Dumb fats. Avoid factory fats, which are biochemically-altered fats recognized by the words “hydrogenated” or “partially hydrogenated” in the fine print on the package label. The hydrogenation process produces trans fatty acids which may affect brain function and health in two ways. The trans fats enter the cells of the central nervous system where they may compete with the action of natural fats, so that the nerves in the brain don’t function as well as they were designed to. Also, hydrogenation turns unsaturated fats into saturated fats, in which the fat molecules pack together tightly like lard. Brain researchers worry that the same type of packing could occur in blood vessels, compromising the blood flow to the brain. Avoiding hydrogenated fats is especially important for the growing brains of children; since children who fill up on these undesirable fats are likely to eat less of the omega-3 fatty acids that are good for the brain. (For more about the effects of hydrogenated fats on health and well-being, see Hydrogenated Fats)
Once upon a time, it was believed that the brain doesn’t grow as people get older. New research, however, has shown that the brain cells continue to branch out and make connections throughout the entirety of a person’s life. Eating the right diet can help the brain make the right connections – at all ages.
- Consider vitamin supplements. Studies indicate that schoolchildren whose diets are supplemented with vitamins and minerals to insure that they received the standard recommended dietary allowances showed improved learning and scored higher on intelligence tests. Here are some of the vitamins which have been shown to affect behavior and learning:
- Vitamin C is required by the brain to make neurotransmitters. In fact, the brain has a special vitamin C “pump” that draws extra vitamin C out of the blood and concentrates it in the brain.

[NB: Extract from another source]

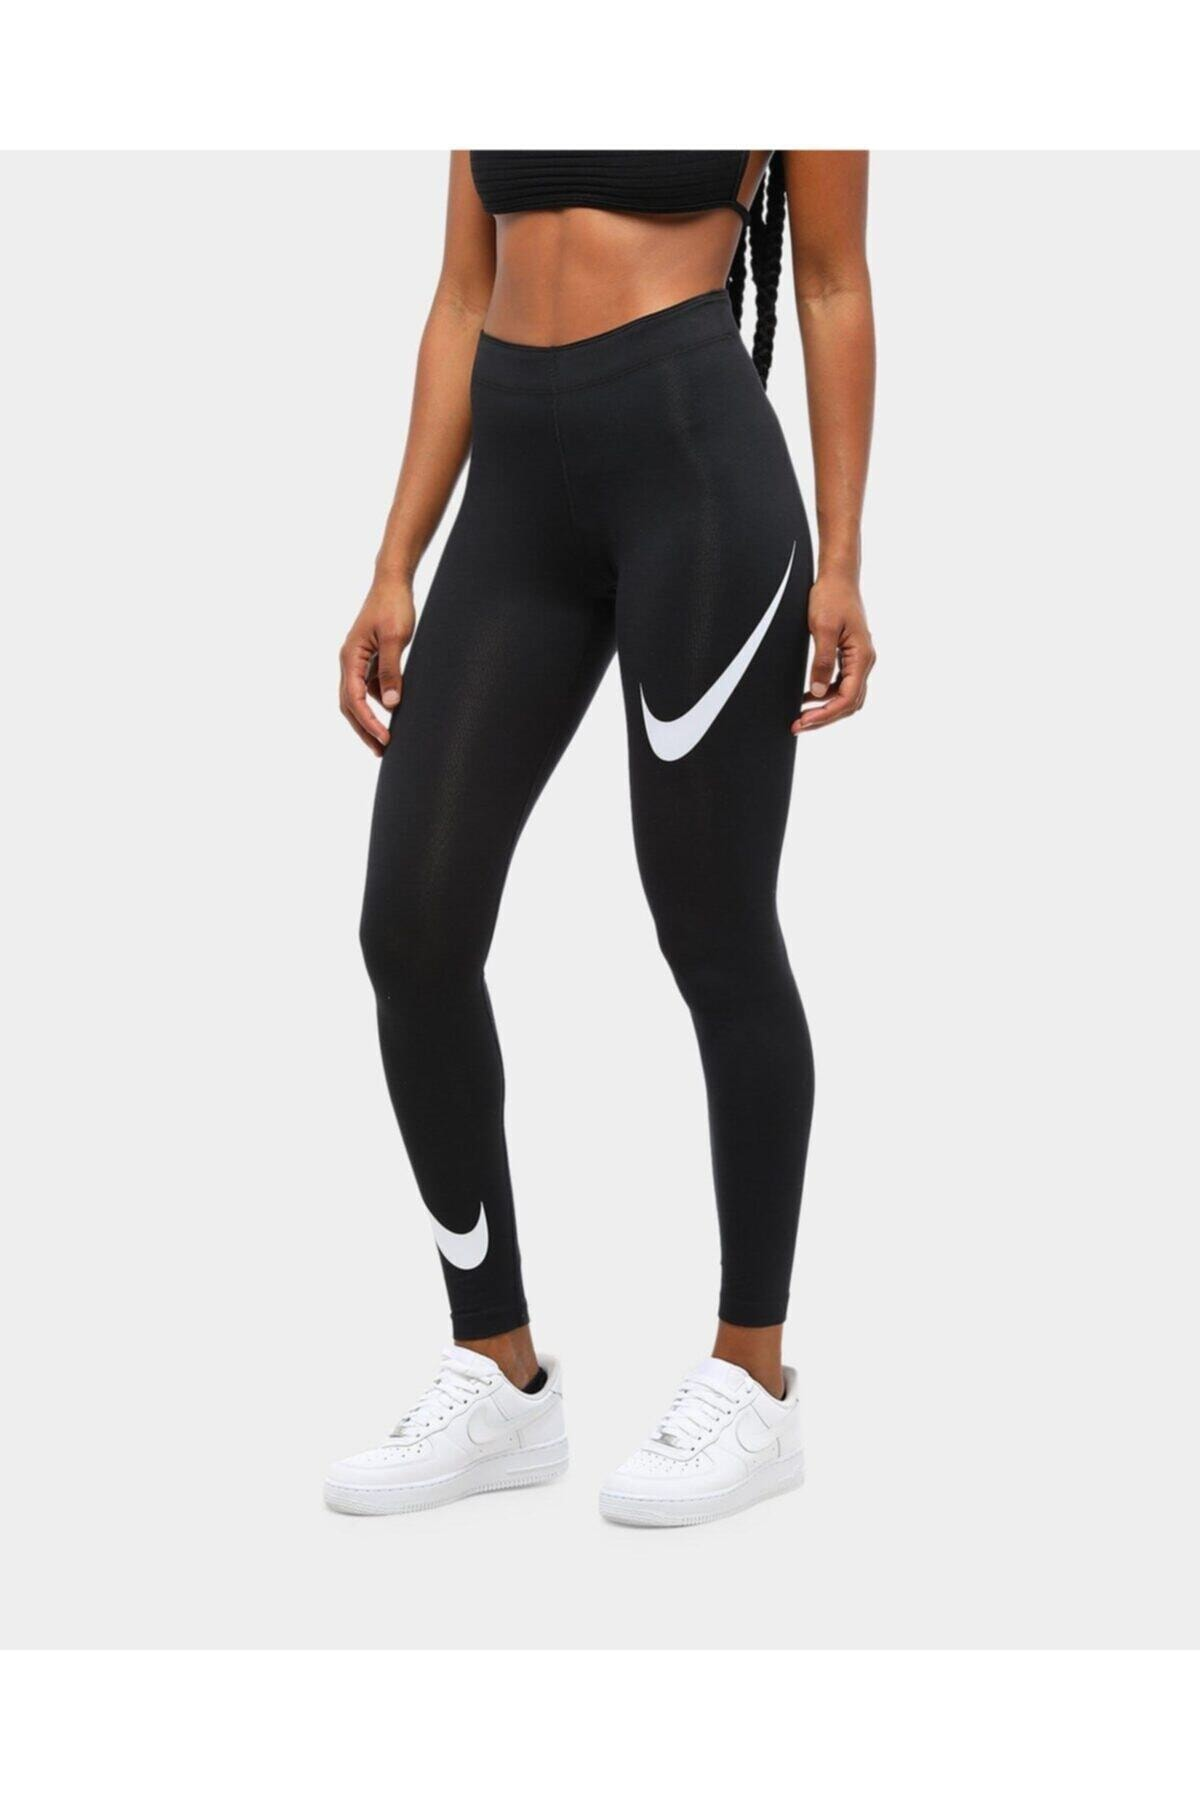 Siyah Kadın Spor Tayt - Kadın Sportswear Leg-a-see Swoosh Tayt - Db3896-010

- Vitamin B12 is vital to maintaining healthy myelin, the tissue that covers and insulates nerve tissue.
- Vitamin B6 deficiency causes hyper-irritability and fatigue.
- Folic acid deficiency seems to affect neurotransmitter function, resulting in symptoms associated with depression.
- Insure enough iron. The symptoms of iron deficiency include irritability and diminished mental alertness. Studies show that when the iron level of students increases, they concentrate better and learn better. Iron is necessary for healthy brain tissue and for adequate neurotransmitter function.
- Care about calcium. Calcium is not only important to growing bones, but also to growing brains. Children with calcium deficiency may show impaired behavior and learning. In his book Feeding the Brain: How Foods Affect Children (Plenum, 1989), Dr. C. Keith Conners reports that children who were more hyperactive had significantly lower calcium intakes than less hyperactive children. Other studies have shown that school children in the habit of skipping breakfast exhibit calmer behavior when given milk in the morning. (See Brainy Breakfasts to Improve School and Work Performance.)
- Don’t forget fiber. An apple a day may keep the A.D.D. doctor away. While fiber is not directly involved in brain function, it does influence how other nutrients affect the brain. Soluble fiber, such as fruit pectin, helps lower the glycemic index of foods, thereby having a stabilizing effect on blood sugar. As we discussed above, the more stable the blood sugar, the better the brain functions. A bowl of bran for breakfast and an apple as a mid- morning snack keep brains working at top form until lunchtime.